Mechanism of blocking the glutamate pathway to exacerbate oxidative stress, ammonia toxicity and metabolic disorders in crucian carp (Carassius auratus) under saline-alkaline exposure.

Climate change and intensified human activities have accelerated the salinization and alkalinization of aquatic environments, further shrinking the space for freshwater aquaculture. One of the key survival mechanisms for fish in saline-alkaline habitats is the conversion of accumulated endogenous ammonia into less toxic glutamine. This study focuses on the freshwater teleost, crucian carp (Carassius auratus), using the liver as the target organ. Three groups were established: 0, 20, and 40 mmol/L NaHCO stress groups. After 30 days, methionine sulfoximine was injected to block the glutamate pathway, respectively. Through a combination of biochemical analysis and metabolomics, this study investigated the mechanisms by which blocking the glutamate pathway under different NaHCO stress concentrations affects metabolism in the liver of crucian carp. Biochemical results indicated that saline-alkaline stress led to oxidative stress and impaired ammonia excretion in crucian carp, and these effects were exacerbated after blocking the glutamate pathway. Metabolomic results revealed significant alterations in pathways such as glycerophospholipid metabolism, arachidonic acid metabolism, and purine metabolism.
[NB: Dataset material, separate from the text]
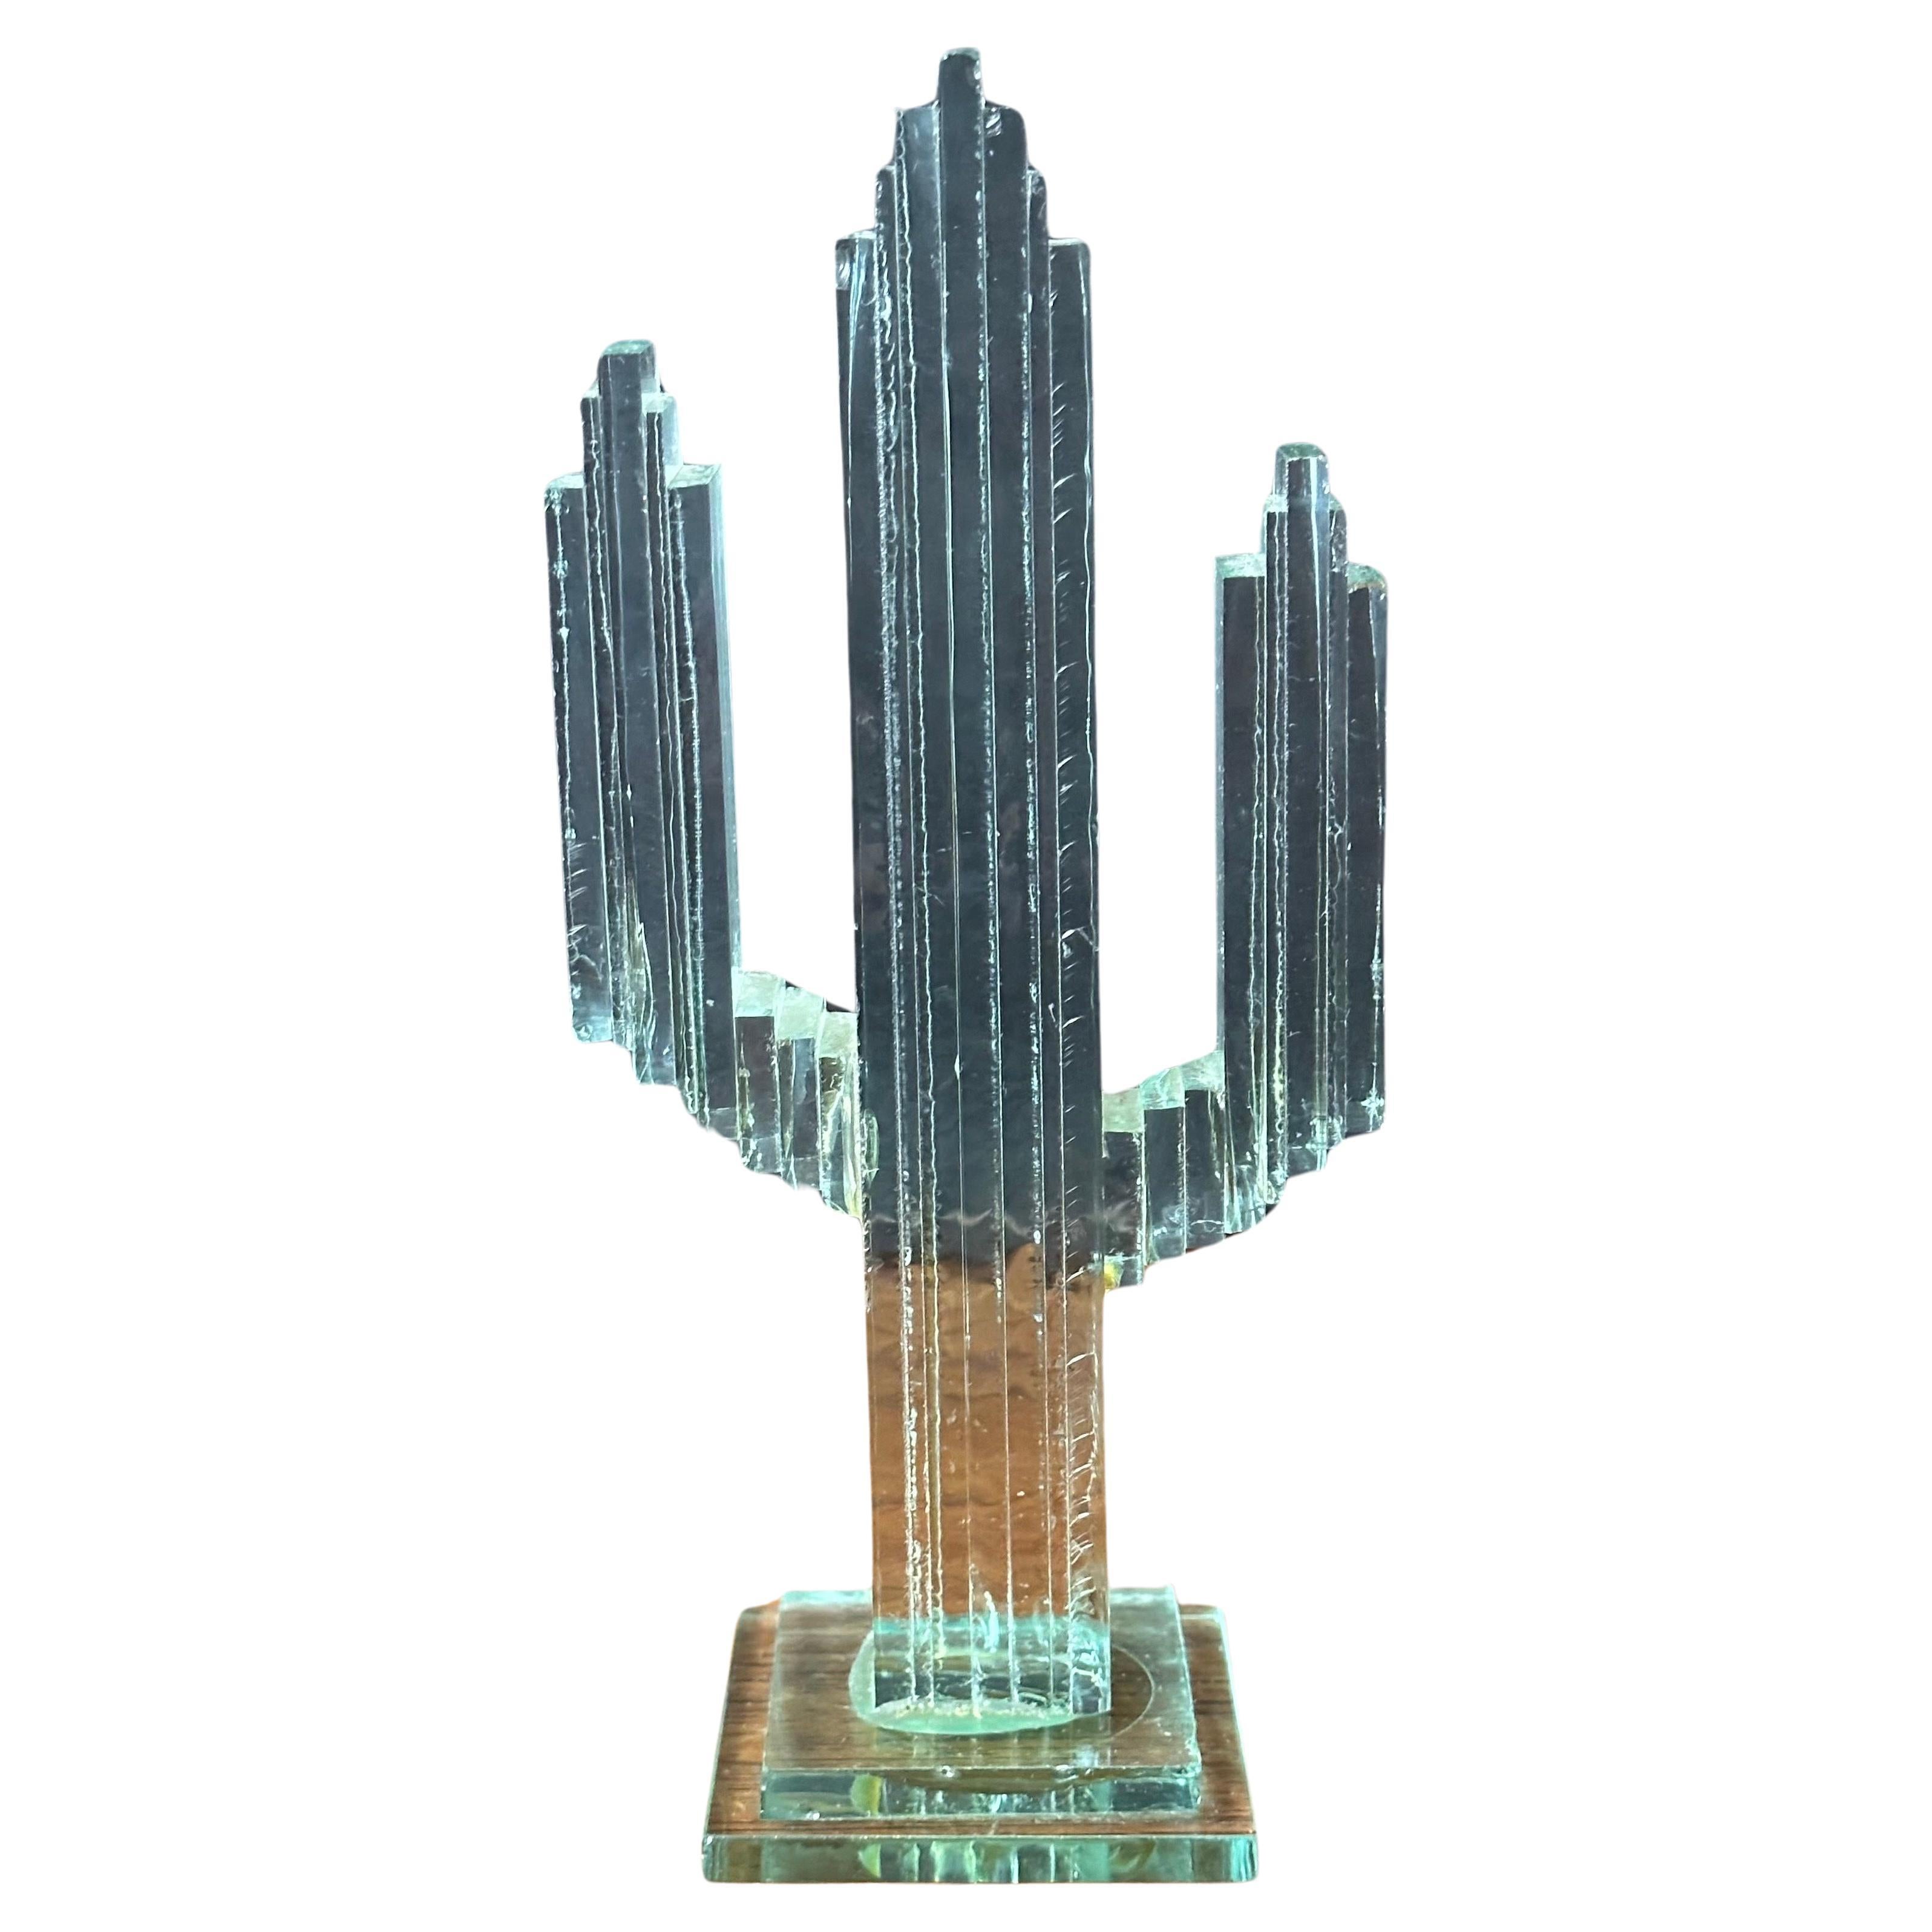 A very cool stacked glass panel saguaro cactus sculpture, circa 1980s.   The piece is hand made by gluing stacked panels of glass, it is in very good condition with bo chips or cracks and measures 3.75
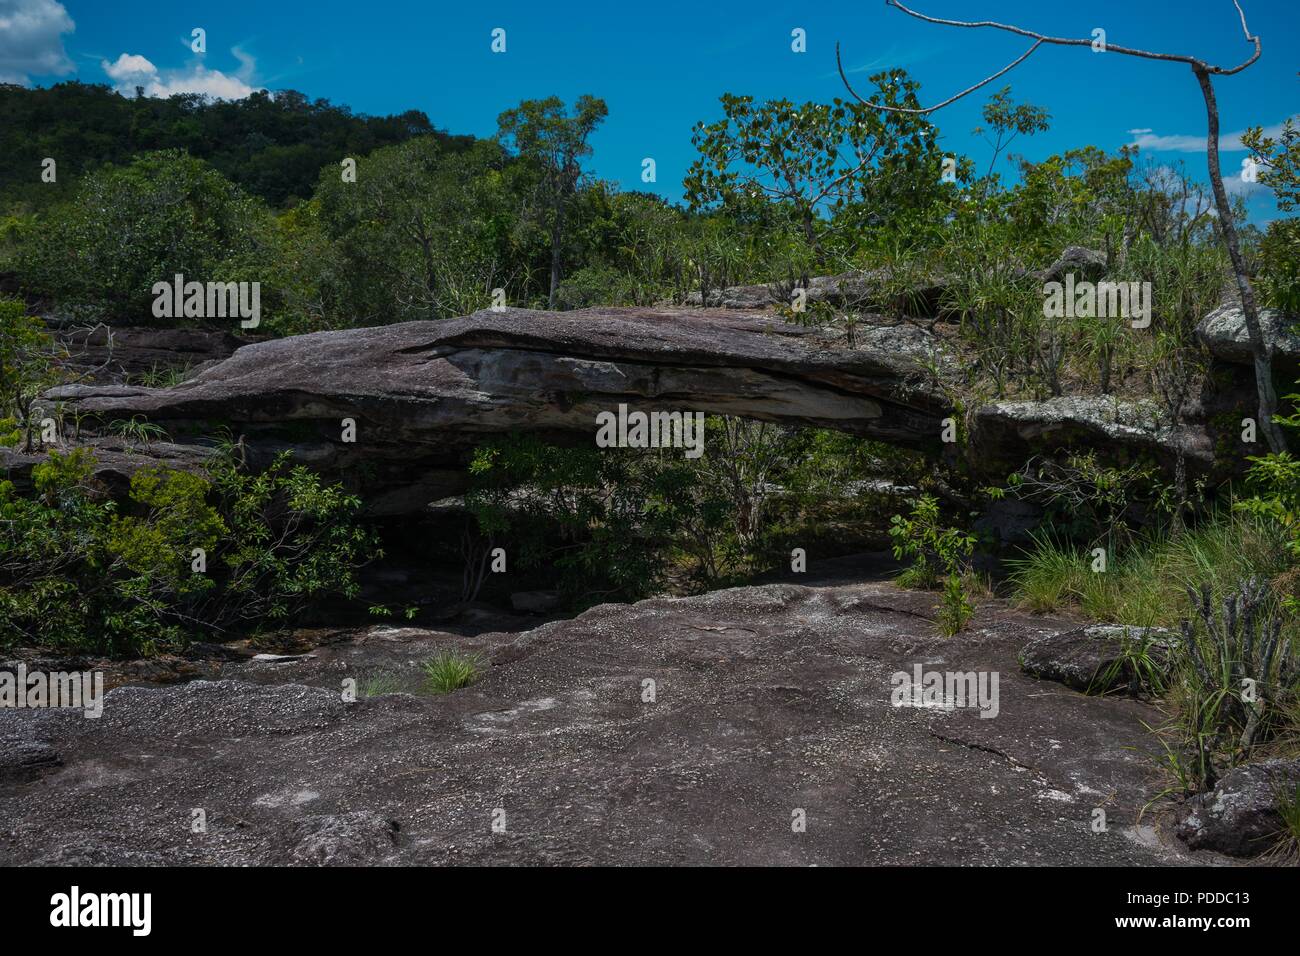 Bridge or rock created by the movement of the water, located in la Macarena, Colombia. Stock Photo

The study demonstrates that blocking the glutamate pathway exacerbates lipid and energy metabolism disorders under saline-alkaline stress, with crucian carp compensating by regulating glucose metabolism to mitigate energy deficiencies. In summary, this study elucidates the metabolic changes in crucian carp following the blockade of glutamate pathway under carbonate-alkaline stress, providing insight into the mechanisms leading to liver inflammation and metabolic dysregulation, and offers preliminary insights into the effects on ammonia excretion, which lay a scientific foundation for future research on freshwater teleosts in saline-alkaline environments.